Inorganic metal thiocyanates are an intriguing class of materials to consider as parent compounds for such a hybrid material platform. They often feature wide band gaps and high hole mobilities, making them well-suited for applications in optoelectronic devices.7–9 Many of these SCN materials even exhibit non-linear optical properties such as second-harmonic generation that is relevant for laser technologies.10,11 Fundamentally, metal thiocyanates’ wide-ranging properties arise from the ability to readily incorporate a variety of metal centers as well as a diverse array of metal–thiocyanate coordination modes spanning coordination via sulfur and/or nitrogen, as well as bridging—either end-to-end or end-on—or terminal motifs.12,13 Such chemical and structural tuning allows for significant modification of inorganic metal thiocyanates’ electronic structure.

To then greatly enhance the modularity and tunability of metal thiocyanates, organic molecules can be incorporated as ligands within the structure, thereby producing hybrid metal thiocyanates (Fig. 1) as an even more versatile platform. Many reports have examined amine-based ligands,14–21 however their N-oxide counterparts have been less widely studied. The combination of both N-oxide and thiocyanate ligands offers a vast structural phase space according to the multiple possible binding and bridging motifs for these species,12,13 presenting an opportunity to finely tune structural, electronic, and optical characteristics. However, greater insight into hybrid metal thiocyanates is still required.
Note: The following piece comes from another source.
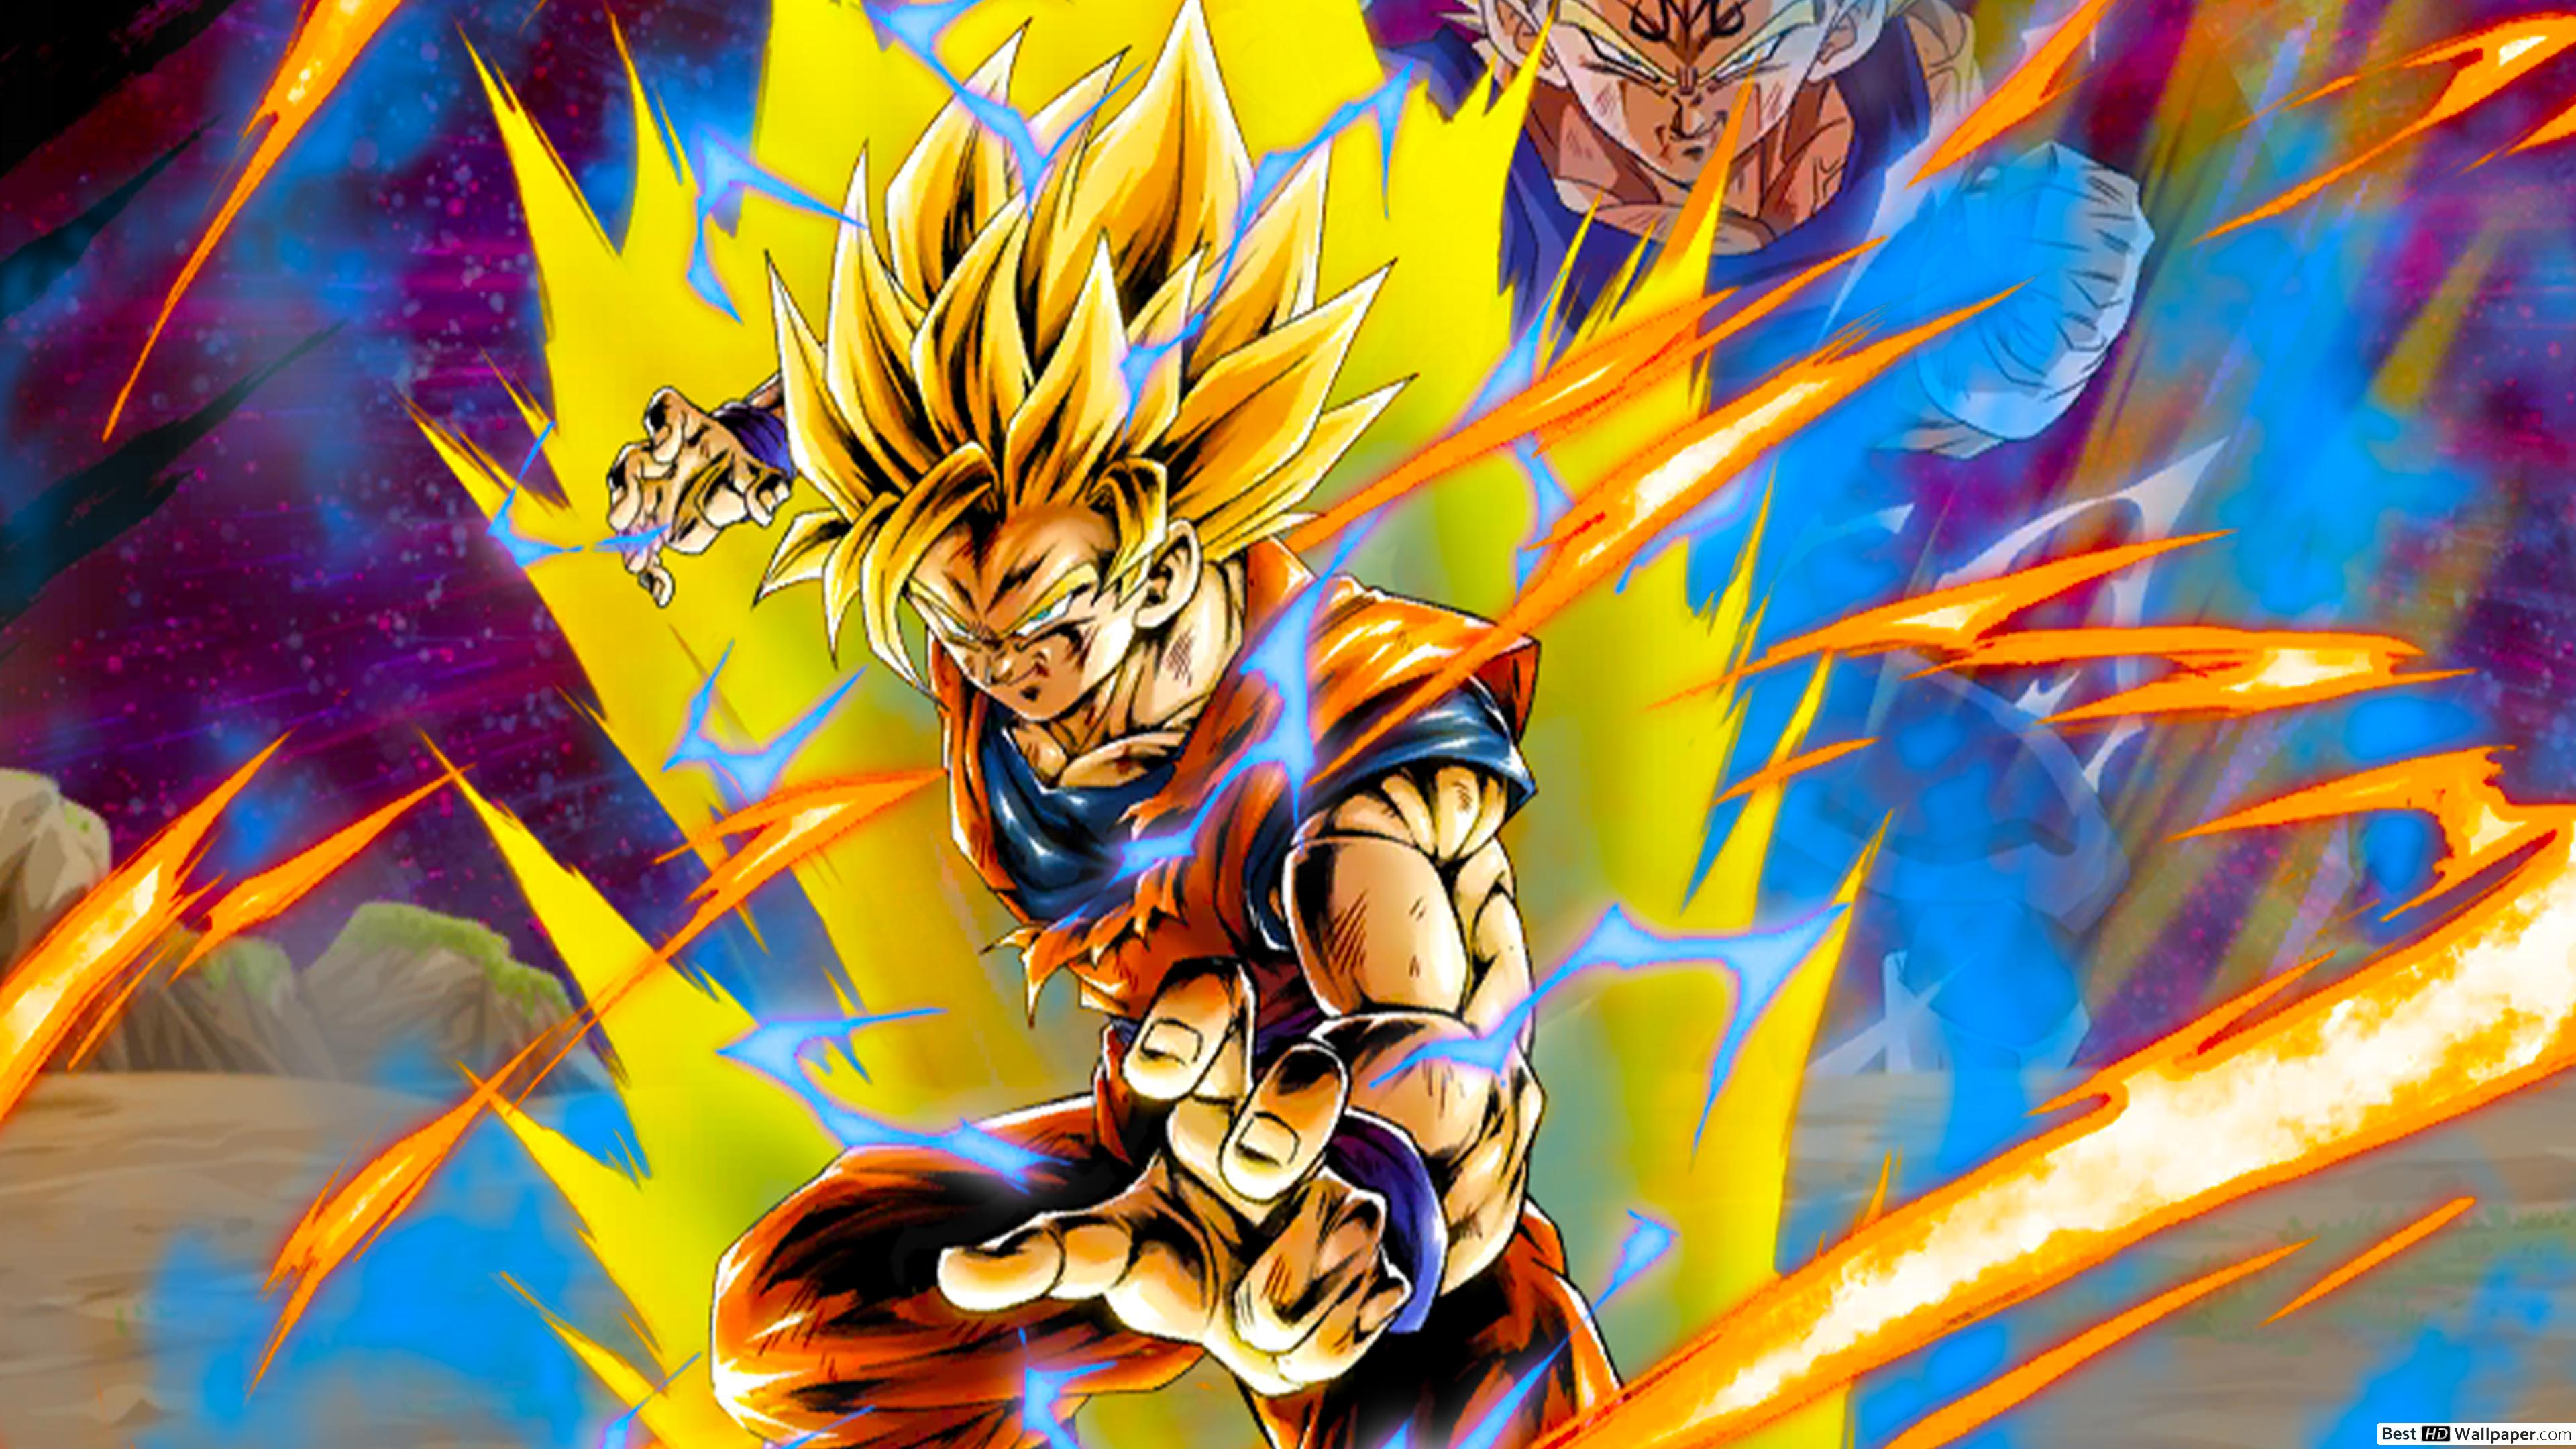 Super Saiyan 2 Goku from Dragon Ball Z [Dragon Ball Legends Arts] for Desktop HD wallpapers download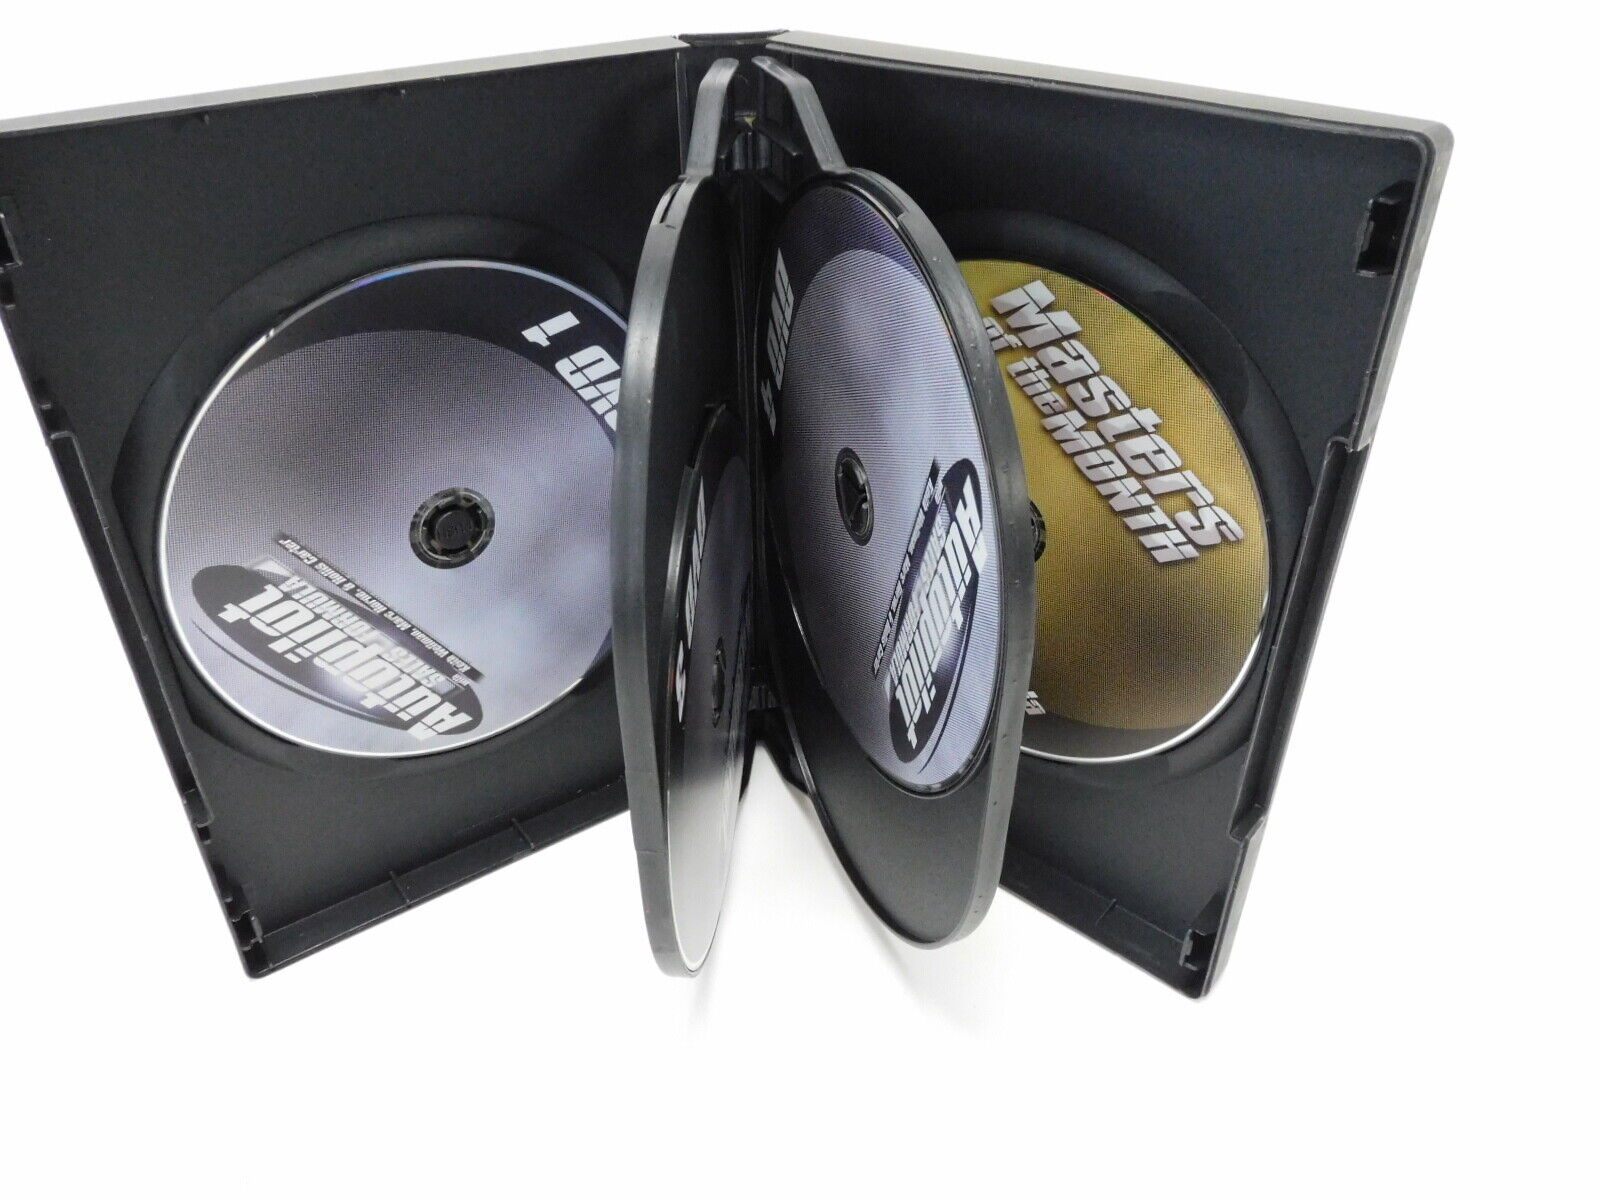 AUTOPILOT SALES FORMULA KEITH WELLMAN VOLUME 1-6 DVD 2008 FX MARKETING Does Not Apply

image file: d5dt02188j-f1.tif
Fig. 1 X-ray structures of 2D (A) Co(NCS)2(2-MepyO) and (B) Ni(NCS)2(4-MeOpyO), and 1D (C) Mn(NCS)2(4-NO2pyO)2 (two views). Gray, blue, red, yellow, purple, green, and pink spheres are C, N, O, S, Co, Ni, and Mn, respectively. Polyhedra show connectivity.

Amine N-oxides such as pyridine-N-oxide (pyO) are attractive molecular species from which to construct hybrid materials, owing to their relatively high air and water stability, their versatile binding behavior as relatively weak ligands, and their robust set of derivatives based on pyridyl ring substituent(s).22,23 Indeed, the position of these substituents can direct metal coordination as a function of steric, electronic, and other intermolecular interactions. Despite the relatively low pKa of the conjugate acid for pyO (0.79) compared with that of pyridine (5.18),24 hybrid materials containing pyO-based ligands have been reported that incorporate metals such as Co, Ni, Mn, Zn, and Cd, as well as bridging pseudohalides such as thiocyanates or azides.25–33 However, many of these reports focus on just one or two compounds within the much larger potential material family, and furthermore, relationships between structural and electronic properties remain underexplored. Ultimately, these extended structures offer potential as compounds that may find their place in key applications listed above model systems as well as systems from which to derive key fundamental insight and material design principles based on how metal–ligand combinations dictate symmetry, binding modes, connectivity, and emergent electronic behavior.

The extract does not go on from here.